Tuesday, August 12, 2008

FDA warns of complications if Alkermes’ Vivitrol is injected incorrectly

By Mass High Tech Staff

In an alert posted today, the U.S. Food and Drug Administration is warning of potential adverse reactions to shots of the alcohol dependence drug Vivitrol, from Cambridge-based Alkermes Inc.
 
According to the report, the FDA has received notice from 196 patients of reactions at the injection site, with such complications as cellulitis, induration, hematoma, abscess, sterile abscess and necrosis. The FDA said that 16 patients required surgery ranging from incision and drainage in the cases of abscesses to extensive surgical debridement in the cases that resulted in tissue necrosis.

Vivitrol is supposed to be administered as an intramuscular gluteal injection. On its website, the FDA warns that the drug should not be administered intravenously, subcutaneously or inadvertently into fatty tissue. Health-care providers should use the pre-packaged 1½-inch needle that is specifically designed for Vivitrol, the FDA said.

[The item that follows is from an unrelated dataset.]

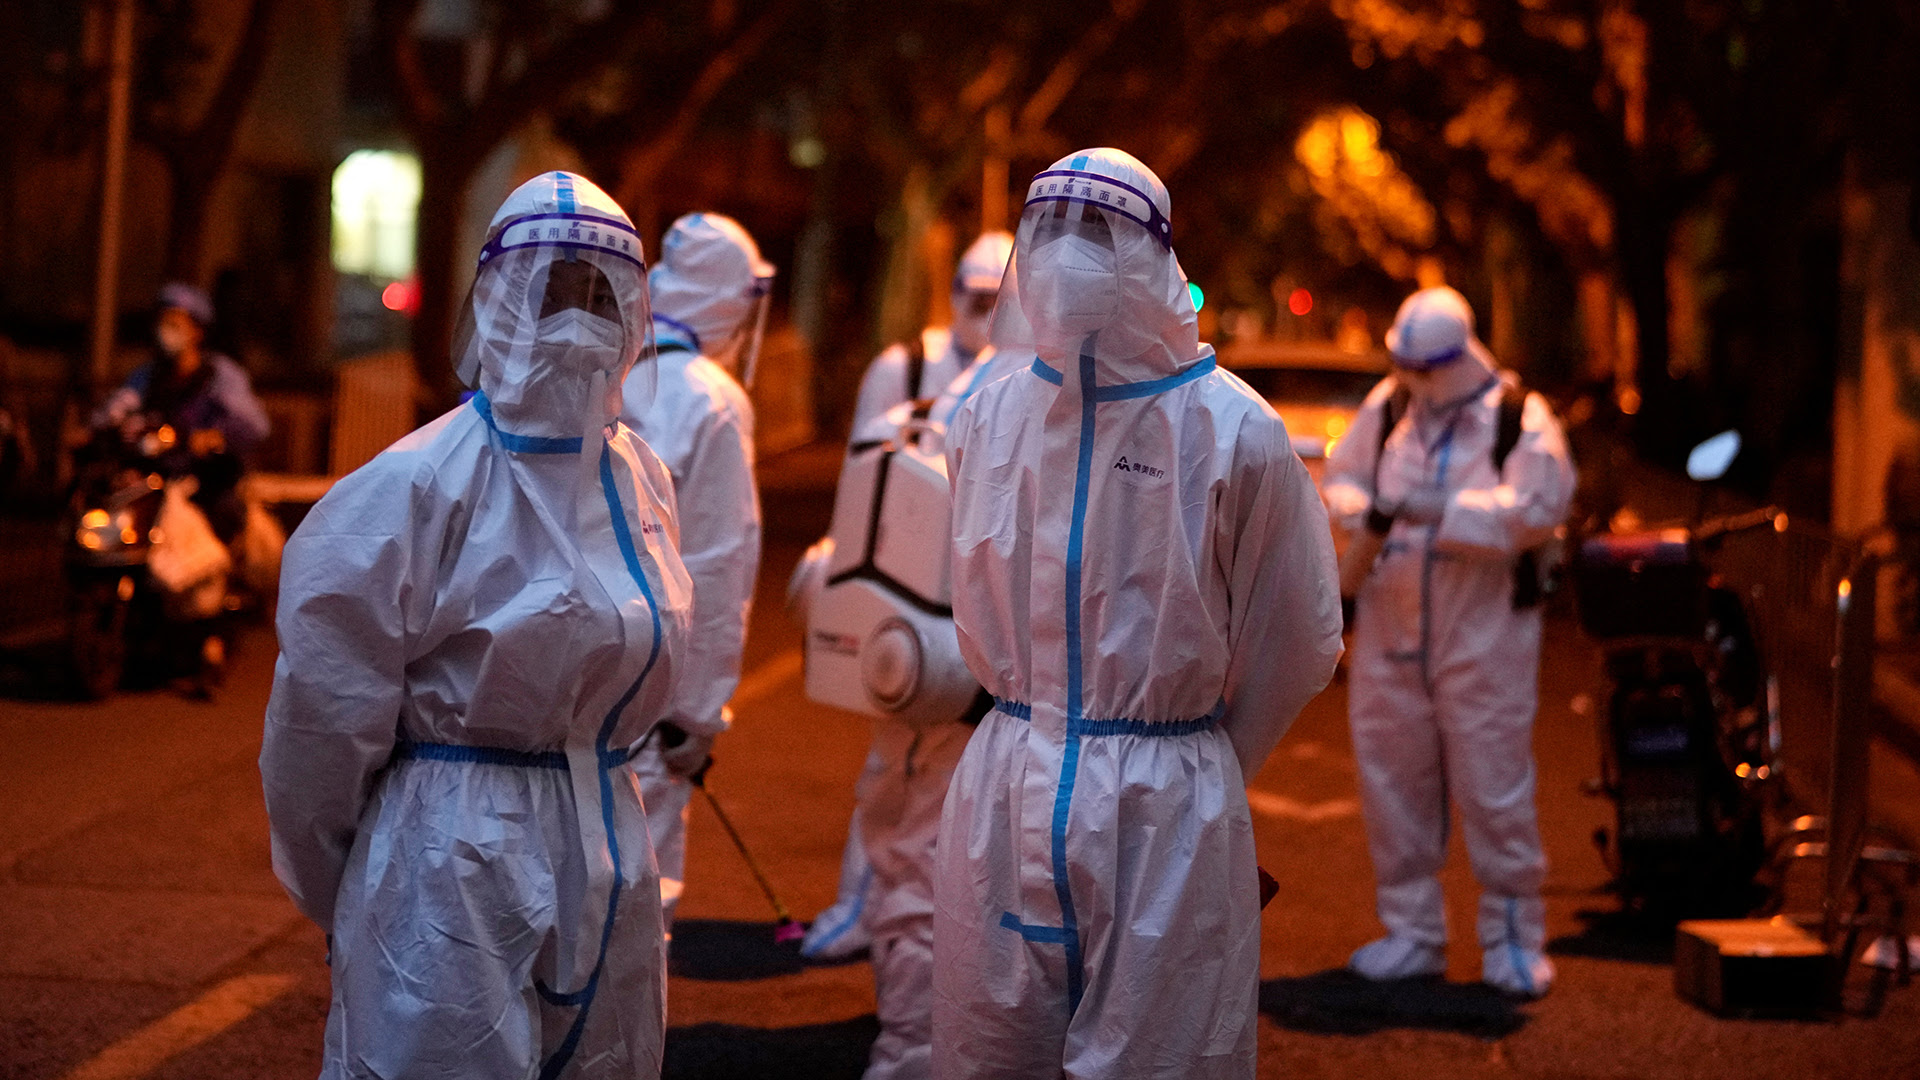 Workers in protective suits stand at a closed residential area during lockdown, amid the coronavirus disease (COVID-19) outbreak, in Shanghai, China, May 23, 2022 (Credit: Aly Song/Reuters)

Vivitrol, an extended-release version of the generic drug naltrexone, is approved to treat alcohol dependence. In the U.S., Vivitrol is marketed primarily by Frazer, Pa.-based Cephalon Inc.

Last week Alkermes reported that Vivitrol had been approved by Russian regulatory authorities. And in June, Alkermes reported its start of a Phase 3 clinical trial of its Vivitrol long-term treatment for opioid dependence. Alkermes employs 610 workers and reported 2008 net income of $167 million on revenue of $240.7 million.